Lookahead and lookbehind

(?<=<b>)\w+(?=</b>)

  • Regex options: Case insensitive
  • Regex flavors: .NET, Java, PCRE, Perl, Python, Ruby 1.9

JavaScript and Ruby 1.8 support the lookahead (?=</b>)
, but not the lookbehind (?<=<b>)

  • I prefer call lookbehind that where ahead cursor is something
  • I prefer call lookahead that where behind cursor is something

Positive lookaround

  • Essentially, lookaround checks whether certain text can be
    matched without actually matching it.

  • lookbehind (?<=…) is the only regular expression construct that
    will traverse the text right to left instead of from left to right

  • Lookaround constructs are therefore called zero-length assertions.

Negative lookaround

  • (?!...) (?<!...), with an exclamation point
    instead of an equals sign, is negative lookaround.

  • negative lookaround matches when the regex inside the
    lookaround fails to match.

Different levels of lookbehind

  • lookahead is completely compatible, even
    lookahead or lookbehind nested in lookahead.
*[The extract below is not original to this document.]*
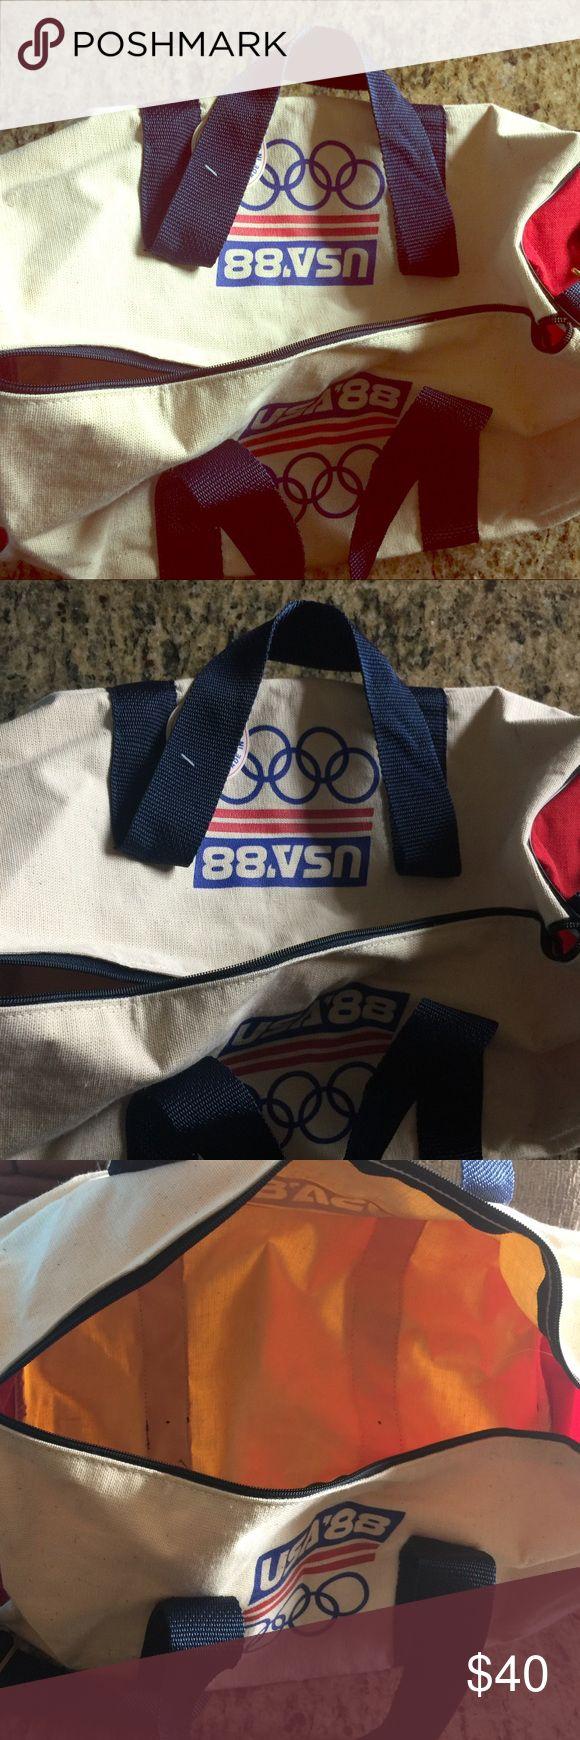 1988 Olympic Duffle Bag USA Has original tags Bags

  • lookbehind is different, because regex is design traverse
    from left to right, but lookbehind needs right to left


  1. Perl and Python still require lookbehind to have a fixed length

  2. PCRE and Ruby 1.9 allow alternatives of different lengths inside lookbehind
    notepad++ use PCRE7.2 regular expression engine?
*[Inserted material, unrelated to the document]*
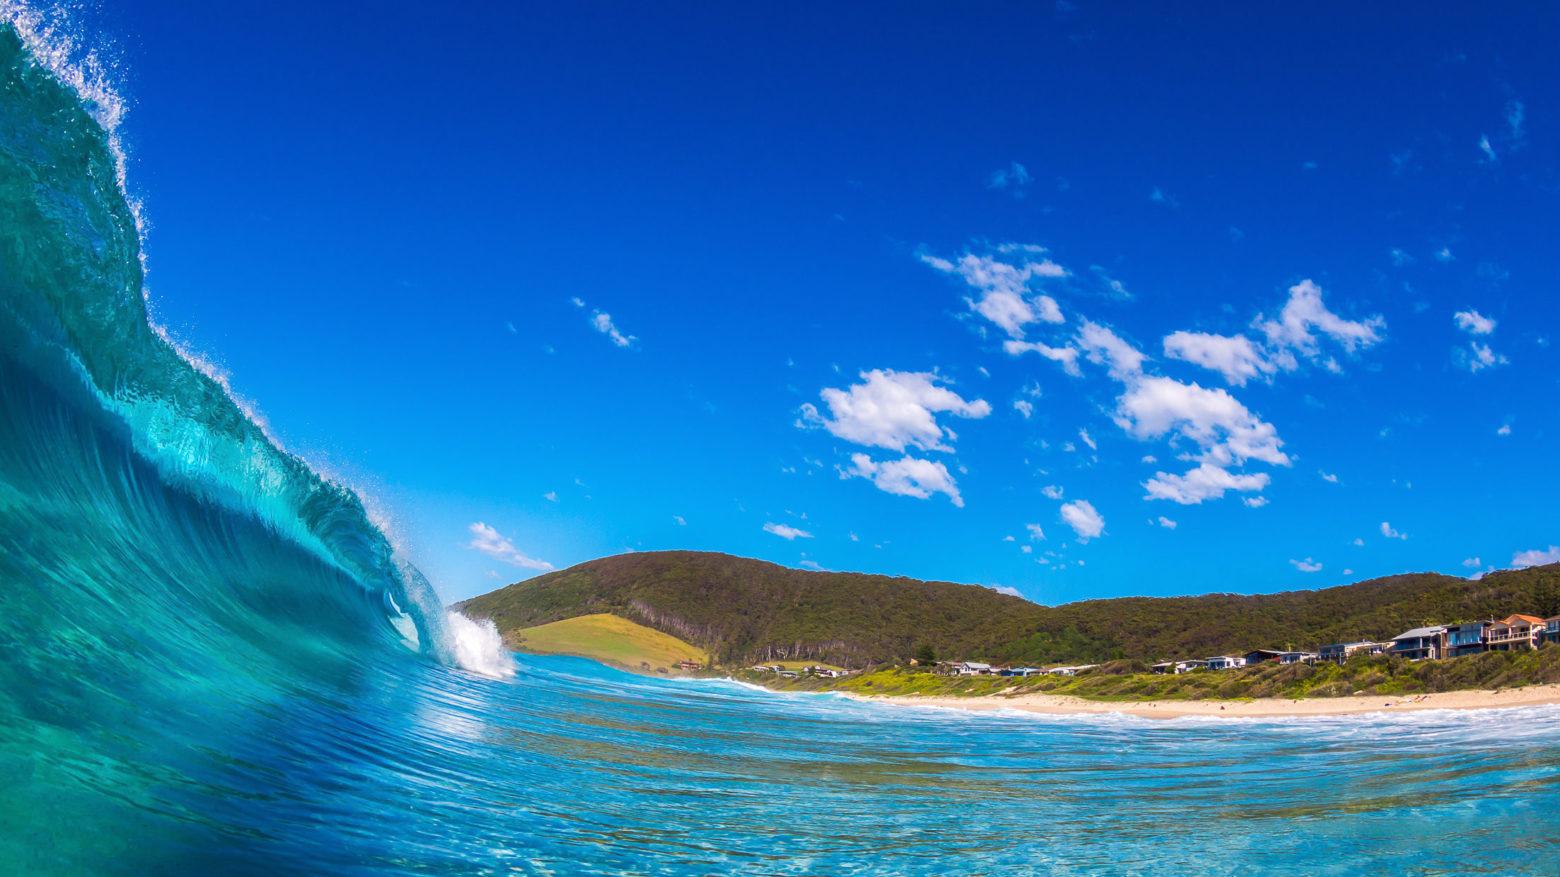 Blueys Beach (photo by Raw Edge Photography)

  3. Java takes lookbehind one step further, allows any finite-length
    regular expression ‹*›, ‹+›, and ‹{42,}› inside lookbehind

  4. .NET Framework is the only one in the world
    that can actually apply a full regular expression from right to left.


Lookaround is atomic

(?=(\d+))\w+\1

  • Regex options: None
  • Regex flavors: .NET, Java, JavaScript, PCRE, Perl, Python, Ruby

The group capture inside the lookaround is same as usual group,
numbered from outter to inner , left to right

Alternative to Lookbehind

<b>\K\w+(?=</b>)

  • Regex options: Case insensitive
  • Regex flavors: PCRE 7.2, Perl 5.10

Match with ‘\K’, string in front of it will not be pattern.
It matches like a block, no recursive, no loop, no backtrack.

For example:
when (?<=a)a matches the string ‘aaaa’, three a be matched,
the 2th/ 3th/ 4th a. Lookbehind will track to left one matched then next.

But a\Ka matches two a, the 2th and the 4th.
when first/second a captured, abandon first, then second matches.
Then begin next matching, third/fourth a captured, abandon thrid.

Solution Without Lookbehind

In Ruby 1.8 or JavaScript there is no lookbehind can be use.
Solution:

  • use a common expression to suit, group them, just pick the group you want.
  • If replace operation needed, use group number to replace
    which place you don’t want be changed \1 or \kxxx.

simulate lookbehind

1
2
3
4
5
6
7
8
9
10
11
12
13
14
15
var mainregexp = /\w+(?=<\/b>)/;
var lookbehind = /<b>$/;
if (match = mainregexp.exec("My <b>cat</b> is furry")) {
// Found a word before a closing tag </b>
var potentialmatch = match[0];
var leftContext = match.input.substring(0, match.index);
if (lookbehind.exec(leftContext)) {
// Lookbehind matched:
// potentialmatch occurs between a pair of <b> tags
} else {
// Lookbehind failed: potentialmatch is no good
}
} else {
// Unable to find a word before a closing tag </b>
}
  • first find the target location with Lookahead, remove it.
  • second if the forepart is end with what you lookbehind anticipated <b>, then lookbehind matched.